Operation Restore Our Community or “ROC”…begins next week. The city judge will either let misdemenor offenders work off their sentences in jail and pay a fine or go to church every Sunday for a year.

If offenders elect church, they’re allowed to pick the place of worship, but must check in weekly with the pastor and the police department. If the one-year church attendance program is completed successfully, the offender’s case will be dismissed.

The trouble is that this is clearly unconstitutional, under the Establishment Clause caselaw. Both conservative and liberal Justices agree that coercion of religious practice violates the Establishment Clause. And while they disagree on what counts as coercion of religious practice (e.g., does being exposed to prayer, and socially pressured to stand and remain silent, at a high school graduation ceremony that isn’t legally required, qualify as coercion?), this is not a close case: Just as it would coerce religious practice to say someone who hasn’t been convicted of a crime, “go to church or we’ll send you to jail,” so it coerces religious practice to say someone who has been convicted of a crime, “go to church or you’ll stay in jail.” Police chief Mike Rowland is quoted as saying the program “doesn’t violate separation of church and state issues because it allows the offender to choose church or jail … and the church of their choice,” but that’s a parody of the concept of “choice” — again, one might as well say that a law that tells everyone, “go to church every week or you’ll go to jail” is constitutional because it lets citizens “choose” whether to go to church or to jail.

Some constitutional rights, to be sure, are largely lost for the duration of one’s criminal sentence — free speech rights, the right to bear arms (which is often limited even beyond one’s sentence), the normal limits on searches and seizures, and such.
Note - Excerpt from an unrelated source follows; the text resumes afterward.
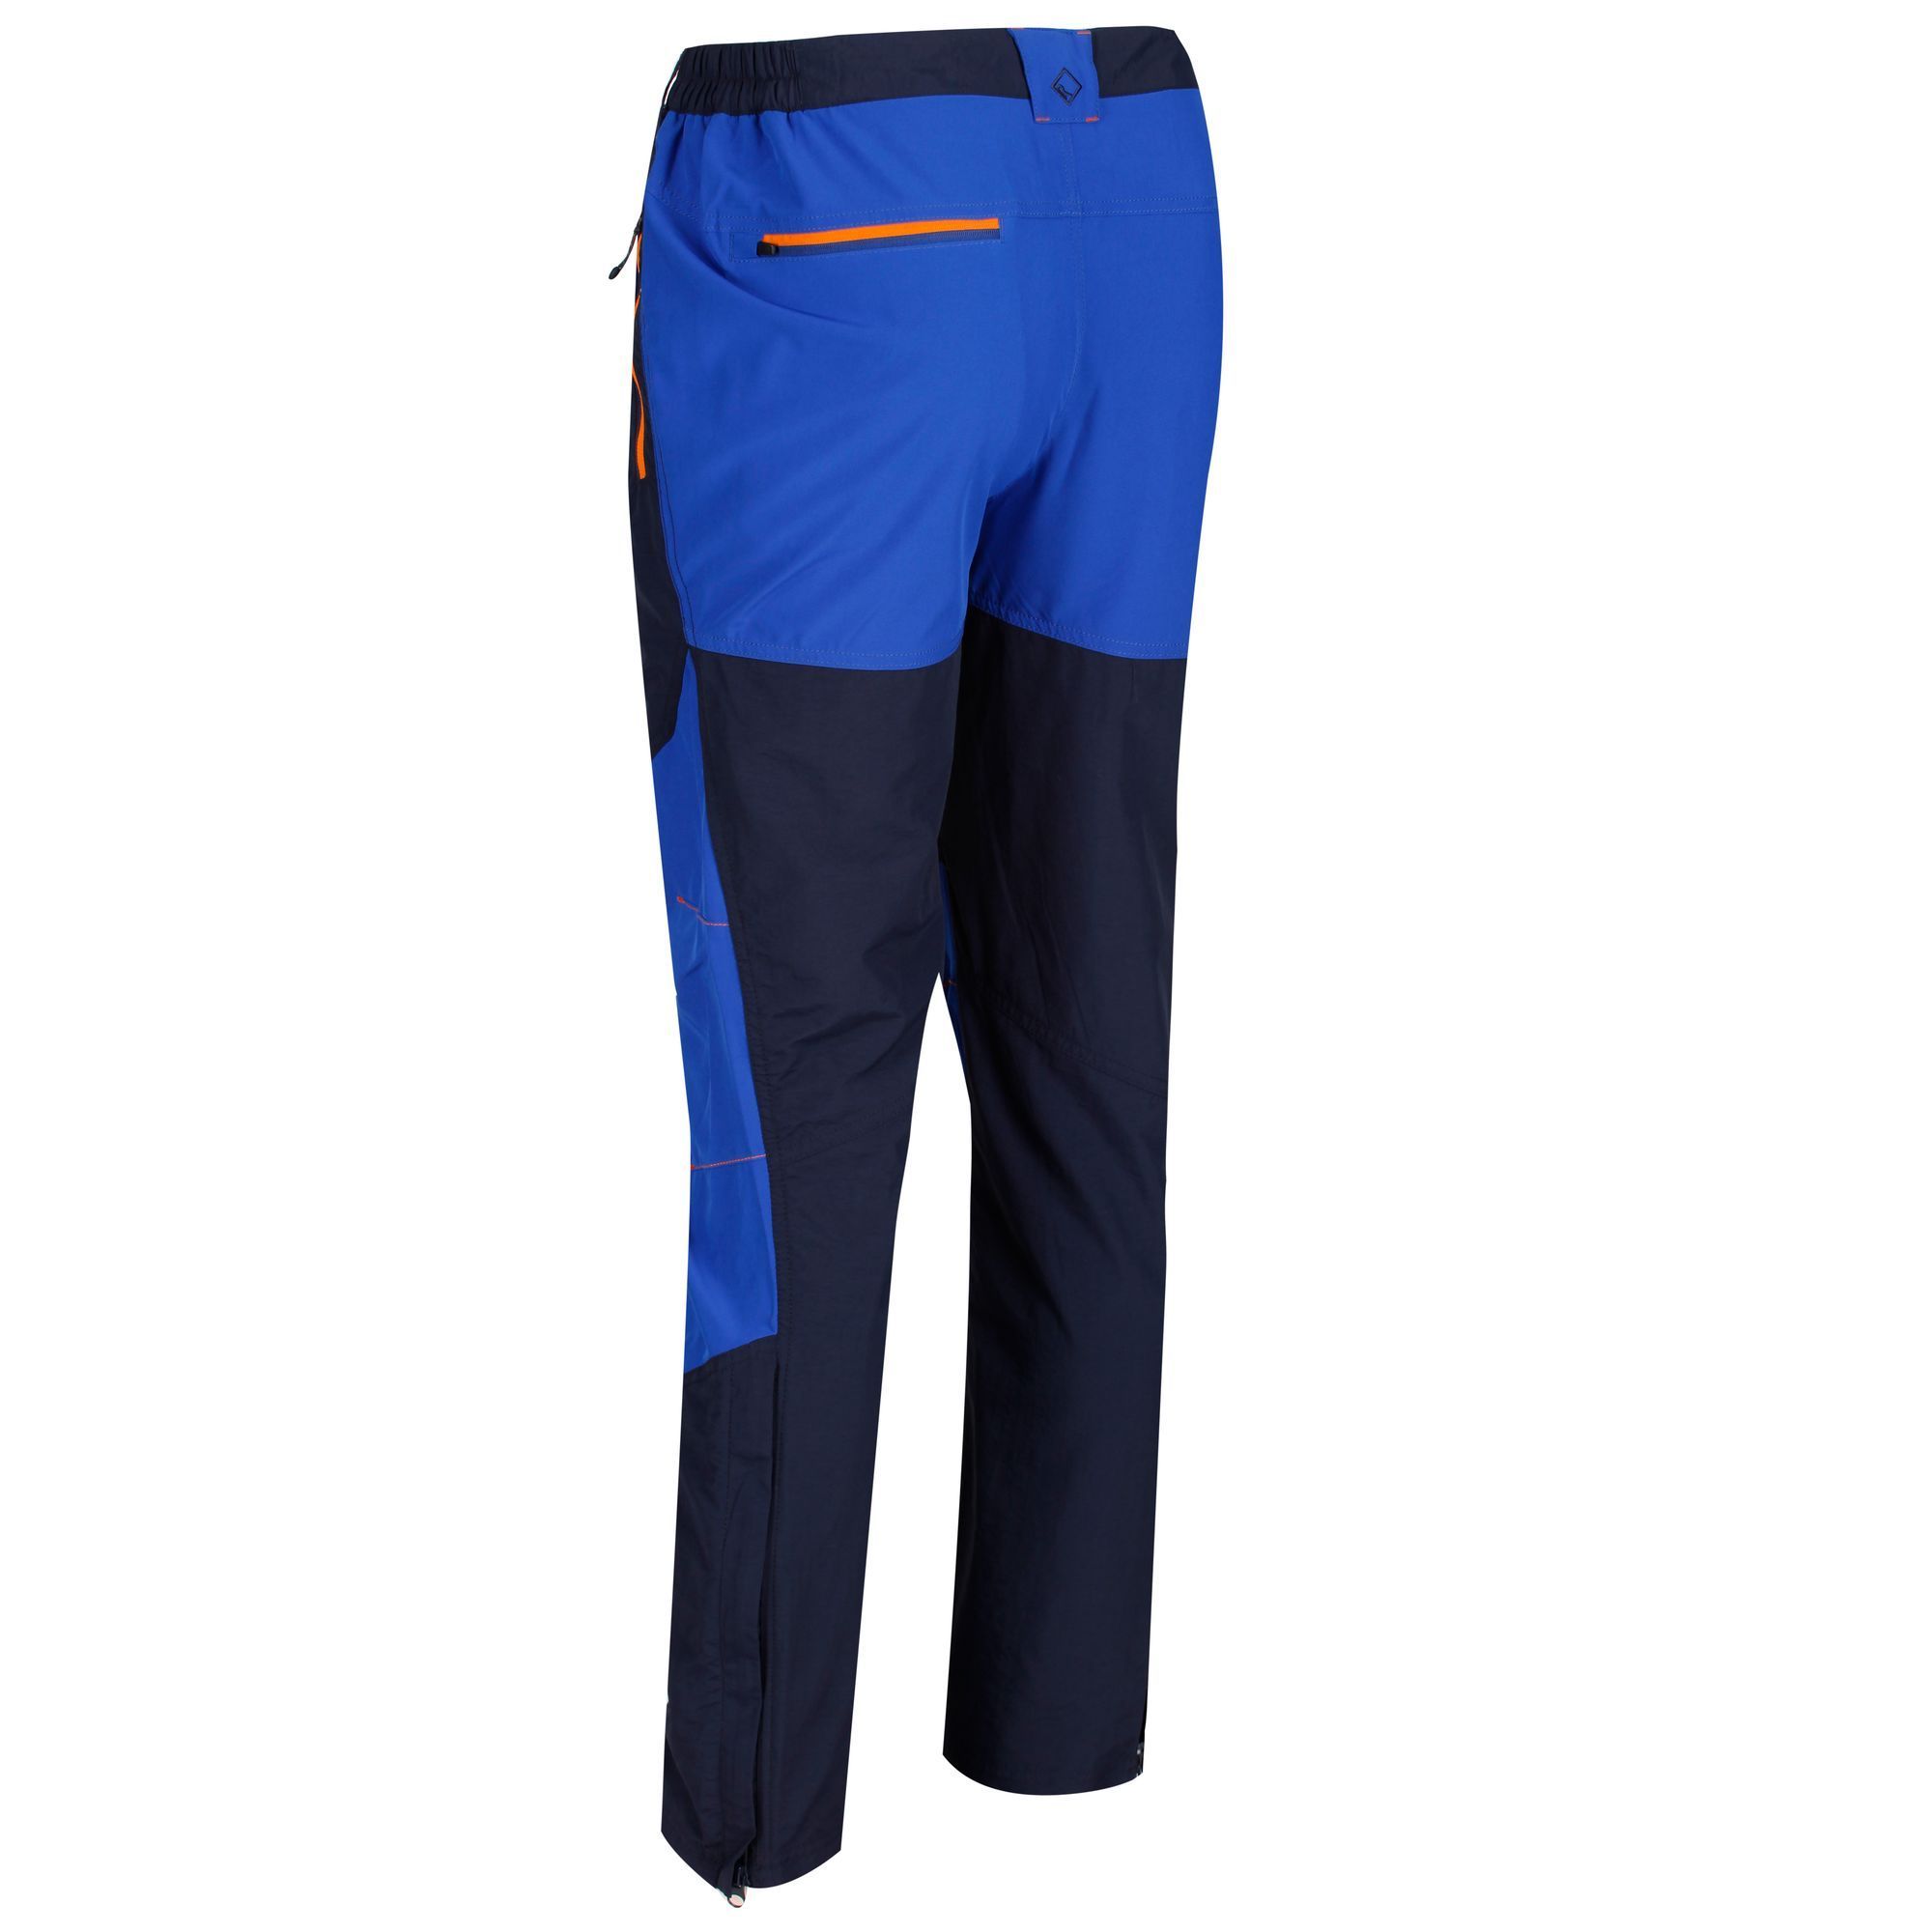 100% Polyamide. Mens showerproof hiking trousers with 40+ UPF sun protection and strategic stretch panelling. Lightweight yet hard-wearing polyamide fabric with stretch panels on the knees and seat for plenty of flex on the trail. With a part-elasticated waist, interactive belt loops and multiple zipped pockets to keep your adventure essentials organised. With the Regatta print on the left leg. Regatta Mens sizing (waist approx): 26in/66cm, 28in/71cm, 30in/76cm, 32in/81cm, 33in/84cm, 34in/86.5cm, 36in/91.5cm, 38in/96.5cm, 40in/101.5cm, 42in/106.5cm, 44in/111.5cm, 46in/117cm, 48in/122cm, 50in/127cm. Regatta Trouser Leg length: Short- 29in, Regular- 31in, Long- 33in.

But the Establishment Clause right to be free from coercion of religious practice remains.

Indeed, many courts have held that letting inmates get extra privileges or reduce their sentences by going to Alcoholics Anonymous violates the Establishment Clause (see, among many other cases, Griffin v. Coughlin (N.Y. 1996)), because Alcoholics Anonymous has a religious dimension. It’s even clearer that letting people avoid jail by going to church violates the Establishment Clause. Indeed, the Mississippi Supreme Court has recently held that a judge’s decision to order people to attend church as a condition of bail is not just unconstitutional, but merits a 30-day suspension from the bench.

The new practice also violates the Alabama Constitution, which expressly provides (art. I, § 3) that, among other things, “no one shall be compelled by law to attend any place of worship.” Thanks to Prof. Howard Friedman (Religion Clause) for the pointer.